As chance would have it, two such rockets are currently sitting on launchpads. Each should ultimately exceed the power of the mighty Saturn V, which sent the Apollo astronauts to the moon. The first, NASA’s Space Launch System (SLS), is ready and waiting at Kennedy Space Center in Florida for its inaugural uncrewed voyage around the moon as part of the Artemis I mission—the opening shot in NASA’s plan to return humans to the lunar surface in the 2020s. The rocket, tentatively scheduled for a launch in late August, is meant to be as reliable as possible and is therefore based, in large part, on legacy hardware from NASA’s Space Shuttle program.
But a reliance on tried-and-true technology could be its Achilles’ heel: some estimates currently peg the SLS’s cost at an eye-watering $4.1 billion per launch. Presuming it is not scuttled by congressional appropriators feeling buyer’s remorse, its massive size could eventually be a boon for scientists seeking to send larger, more ambitious spacecraft and telescopes throughout the solar system—and even beyond.
Over in Texas, Starship, a similarly capable but wildly different rocket being developed by SpaceX, is also in preparation to launch on its first orbital test flight, pending regulatory approval from the Federal Aviation Administration. The cost of the SLS seems so egregious because each multibillion-dollar rocket will be discarded after a single use, its components relegated to the seafloor as junk or left adrift in space. Such was the standard for most of the space age, but times have changed. Starship and its giant Super Heavy booster are instead built for endurance, landing back on the ground for rapid reuse similar to SpaceX’s current fleet of Falcon rockets, which has already dramatically lowered the cost of reaching space.
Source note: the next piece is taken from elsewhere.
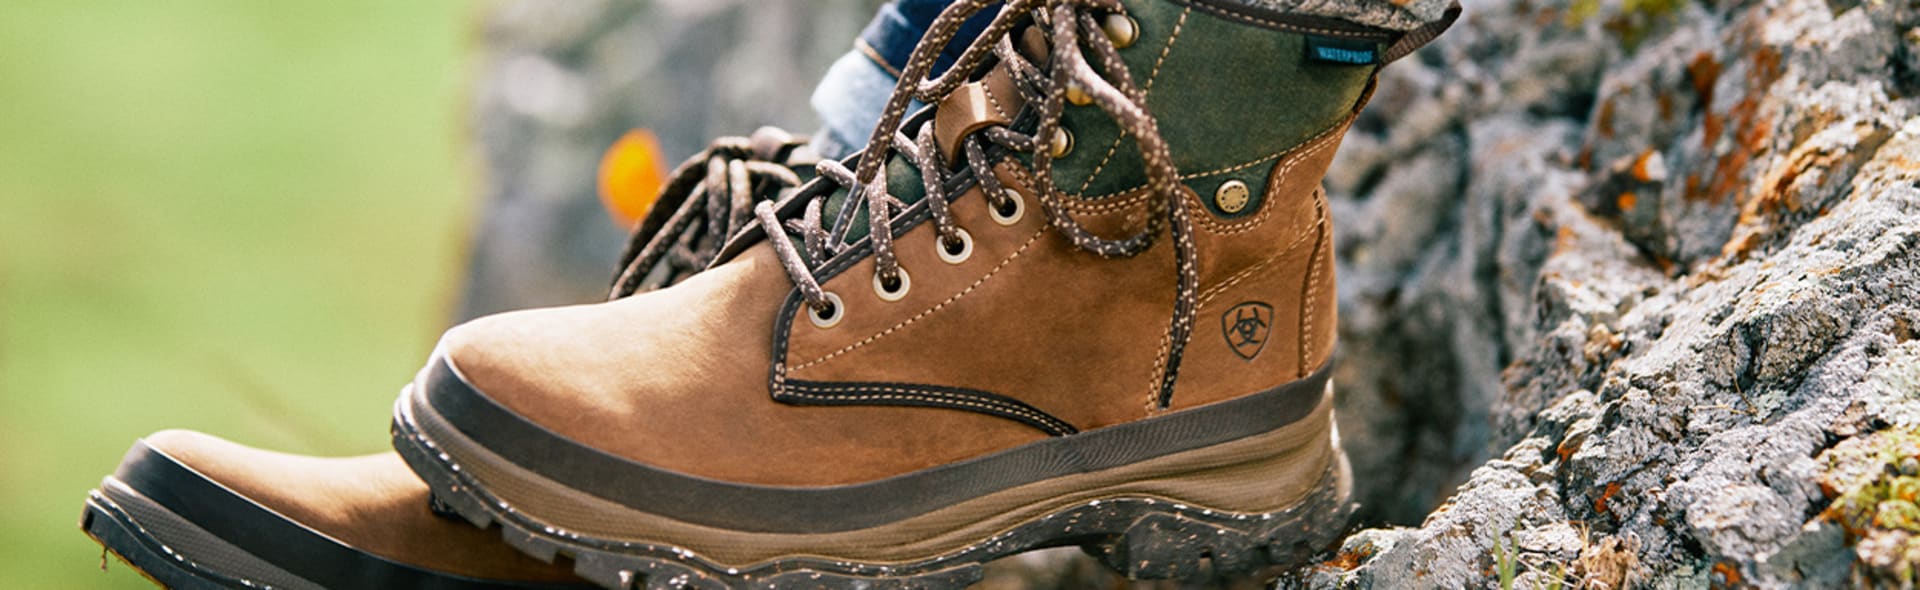 Comment porter les hiking boots cet hiver, les chaussures qui séduisent  autant qu'elles divisent ?

As big and bold as the SLS may be, experts say it pales in comparison with what Starship could achieve. “Starship holds the promise of transforming the solar system in a way we can’t really appreciate,” says Alan Stern of the Southwest Research Institute in Texas, who helms NASA’s New Horizons mission, which flew by the dwarf planet Pluto in 2015. “It completely changes the game.”
Either rocket’s shroudlike payload fairing is spacious enough to fit cargo as big as or even bigger than JWST, all without the need to fold components into the world’s most expensive origami. And both launchers will possess such immense thrust they can reach remote corners of the solar system on shorter time scales with larger spacecraft than smaller rockets. Starship alone, however, is designed to be refueled in space, meaning it could transport mind-bogglingly huge payloads to hard-to-reach locales such as Jupiter and Saturn—or anywhere else around the sun, for that matter.
As this hopeful new era of the super-rocket dawns, eager scientists are vying to be along for the ride. “These rockets can enable whole new classes of missions—to all the giant planets and the Kuiper belt objects, to the ocean world satellites and the dwarf planets of the solar system,” Stern says. “They’re across-the-board useful.” Now many are busy drawing up ideas for what might be possible, at the moment focusing more on the SLS because of its greater maturity but keeping a beady eye on Starship and its potentially revolutionary capabilities.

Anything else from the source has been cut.